Analyses Of The Transcriptome And Metabolome To Elucidate The Role Of Hif1 Alpha In Clear Cell Renal Cell Carcinoma Metabolism.

493 Background: Clear cell renal cell carcinoma (ccRCC) is characterized by altered metabolism, including a shift from oxidative phosphorylation to glycolysis and lactate production (the Warburg effect). Here we evaluate human ccRCC tissue samples and kidney samples from the TRACK transgenic mouse model of ccRCC (that express constitutively active HIF1α in proximal tubule cells) [1] to characterize the effect of HIF1α on the renal cancer metabolome. Methods: We performed untargeted metabolomics analyses of 12 primary human ccRCCs and 10 TRACK kidney samples. In addition, we analyzed human ccRCC mRNA expression (Oncomine database) and performed RNA sequencing (RNAseq) on six TRACK kidney samples for expression of HIF1α target genes that regulate metabolism. Results: Analysis of RNA expression of HIF1α target genes in human ccRCCs and TRACK kidneys identified significantly increased transcript levels of genes responsible for mediating glucose uptake and glycolysis and suppressing the activity of the TCA cycle and mitochondrial respiration, including glucose transporter 1 (SLC2A1), glycolytic enzyme phosphofructokinase (PFKP), TCA cycle inhibitor pyruvate dehydrogenase kinase (PDK1), oxidative phosphorylation inhibitor NADH dehydrogenase 1 alpha subcomplex, 4-like 2 (NDUFA4L2), and lactate transporter (SLC16A3).

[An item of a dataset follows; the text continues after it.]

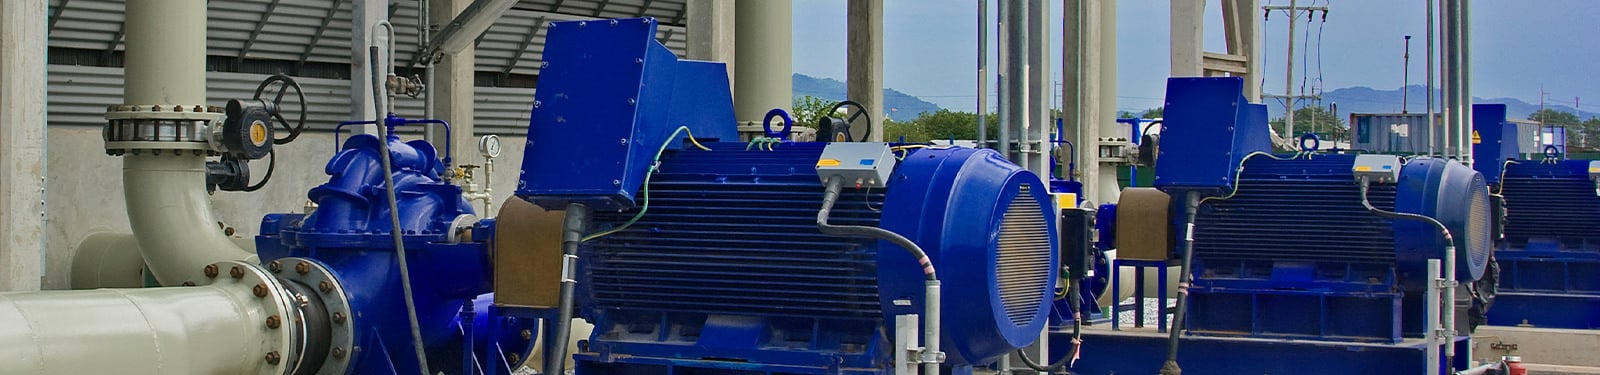 Pumps & Process Equipment

Metabolomics analysis similarly demonstrated a significant increase in glycolytic intermediates and lactate, in association with a decrease in metabolites of the TCA cycle. Conclusions: These studies show that in both human ccRCC and TRACK mice HIF1α mediates a metabolic switch to aerobic glycolysis, implicating HIF1α in RCC tumorigenesis. Additionally, these data suggest that targeting the metabolic pathway (or inhibition of HIF1α) is a novel approach to treat ccRCCs.